No one is an island. For years, studies have been showing how important a strong social network is to good health. Social connectedness is a better predictor of a child's well-being as an adult than their grades are, and people with strong social connections live far longer than those without them.
What's been missing is information on exactly how social networks do this. A new study offers insight into the physiological reasons why having friends helps our health, and it suggests that social networks operate differently at different stages of life.
In youth and late in life, the size of the social network you have appears to matter most; but in middle adulthood, quality, the social support connections provide and how well they help ease the stresses of life, is what matters more than quantity.This is the first study to link social relationships with concrete measures of physical well-being such as blood pressure.
The study looked at data from four large surveys of U.S. health that collectively covered lifespan from adolescence to old age, including the National Longitudinal Study of Adolescent Health, which has been tracking middle and high school students since 1994.
In adolescence, social isolation increased risk of inflammation by the same amount as physical inactivity did, while social integration — the degree to which an individual feels connected to other people — protected against abdominal obesity. In old age, social isolation increased the odds of developing high blood pressure more than diabetes did.
It can be hard to reduce personal relationships to a string of numbers.

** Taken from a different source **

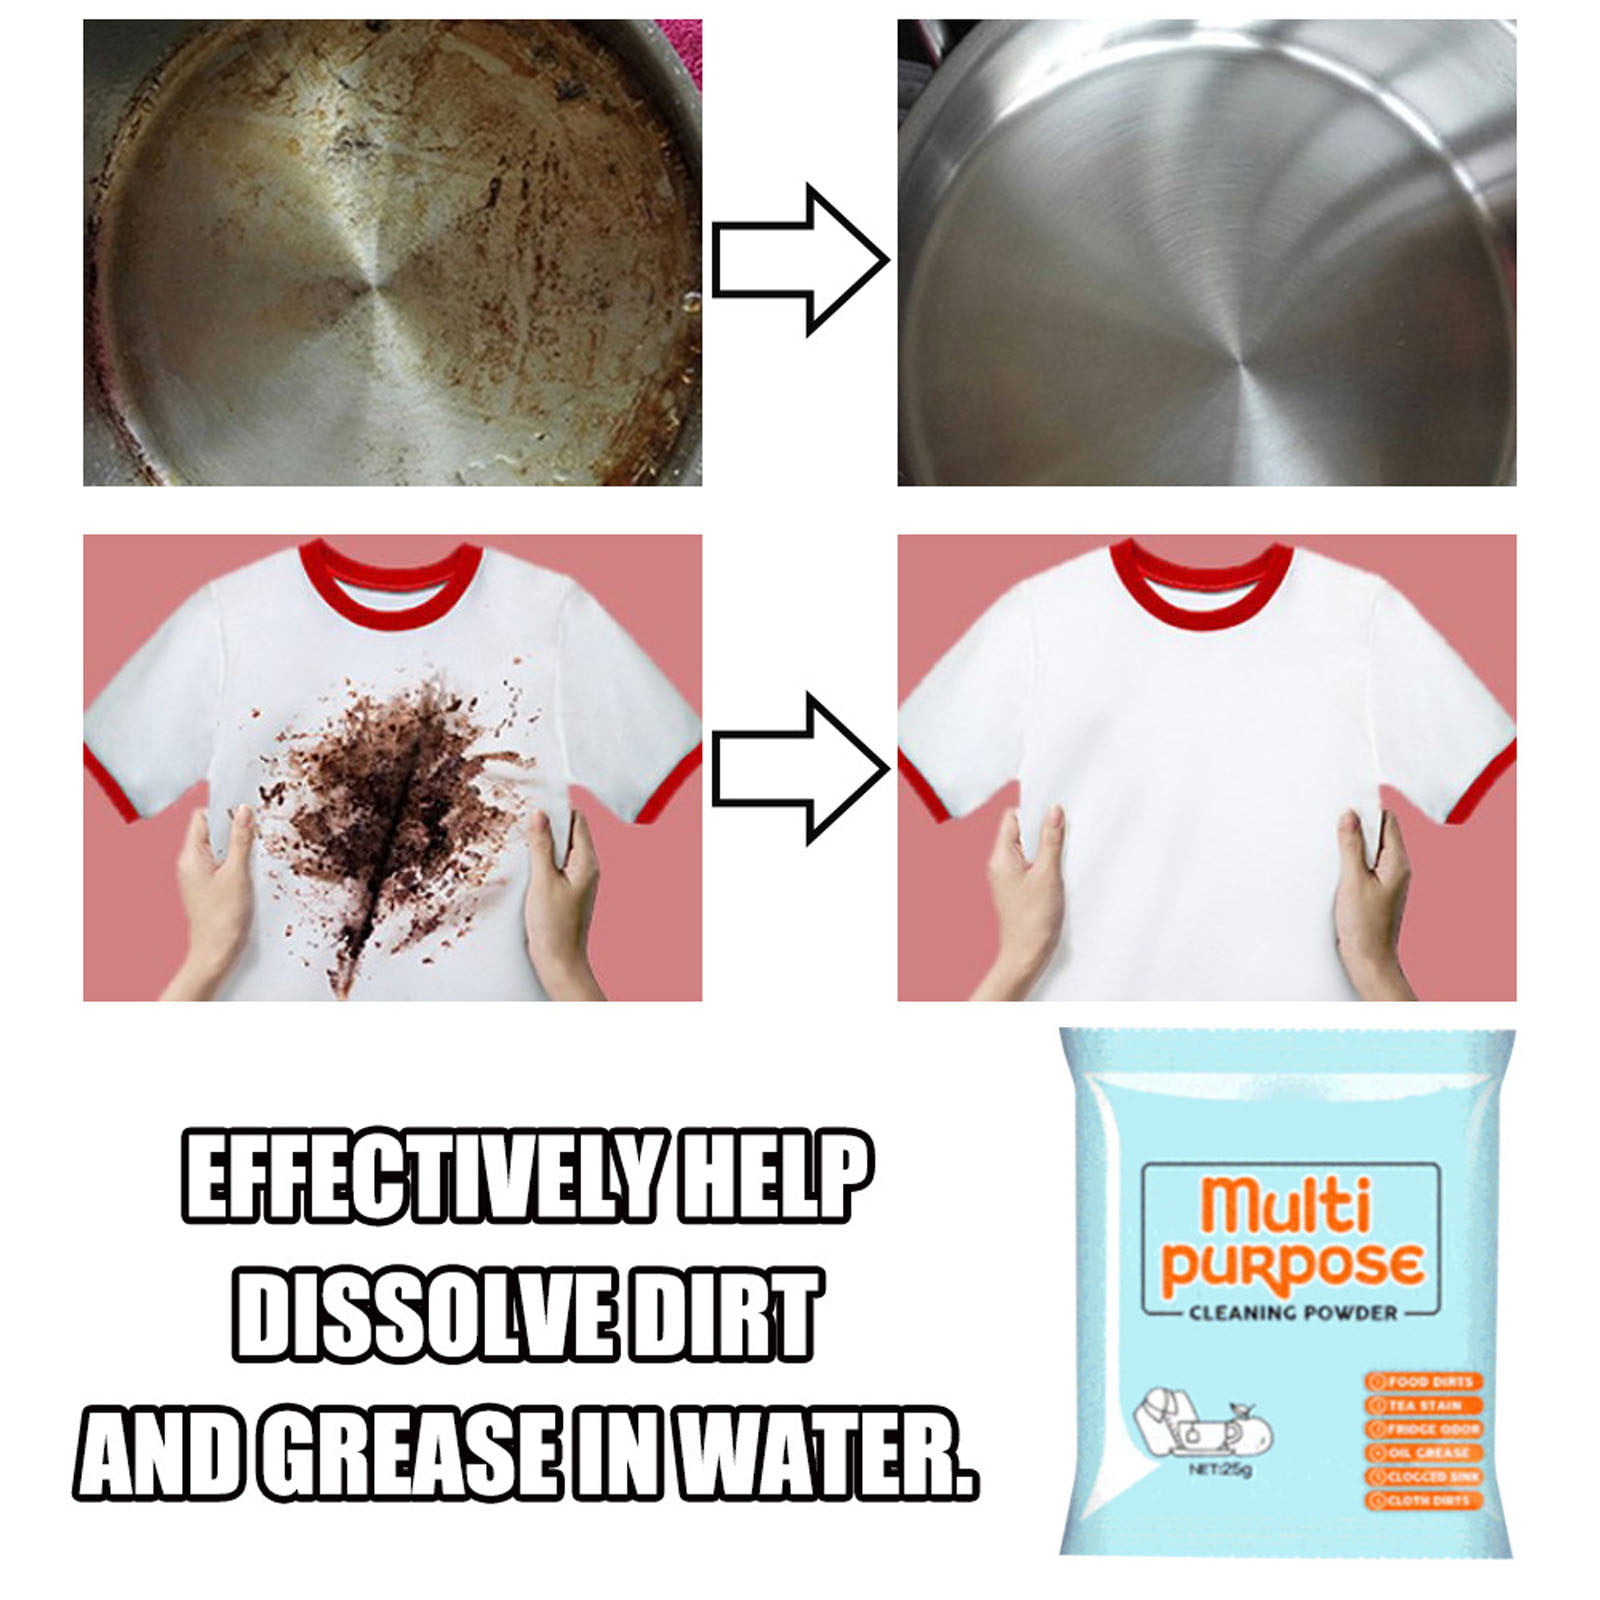 All Purpose Grease Away Powder Cleaner Buy More Save More Trendy Product in 2021 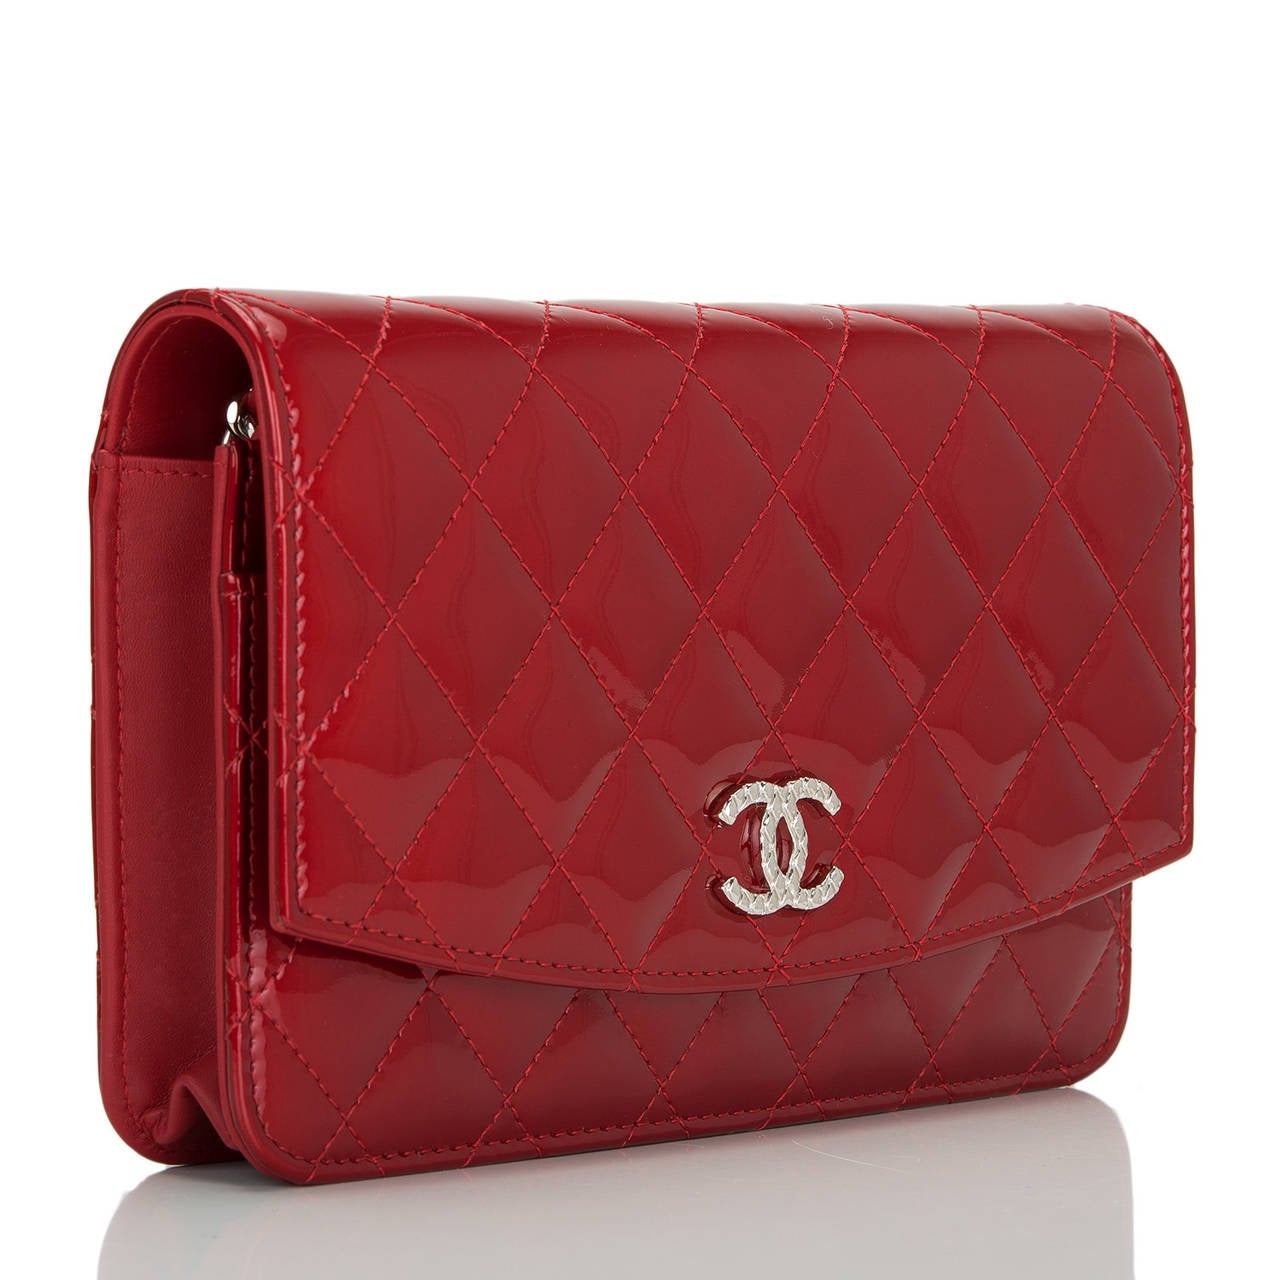 This WOC in a beautiful red color patent leather features signature Chanel quilting, front flap with CC charm and hidden snap closure, expandable sides and bottom, half moon rear pocket and interwoven silver tone chain and leather shoulder/crossbody

This is the first study to definitively link social relationships with concrete measures of physical well-being such as blood pressure. Its take-home message is that friends and other social ties are an essential part of living a happy and healthy life, a practical lesson for both doctors and patients.
“Based on these findings, it should be as important to encourage adolescents and young adults to build broad social relationships and social skills for interacting with others as it is to eat healthy and be physically active,” study co-author Kathleen Mullan Harris, a professor in the Department of Sociology at the University of North Carolina at Chapel Hill, said in a statement.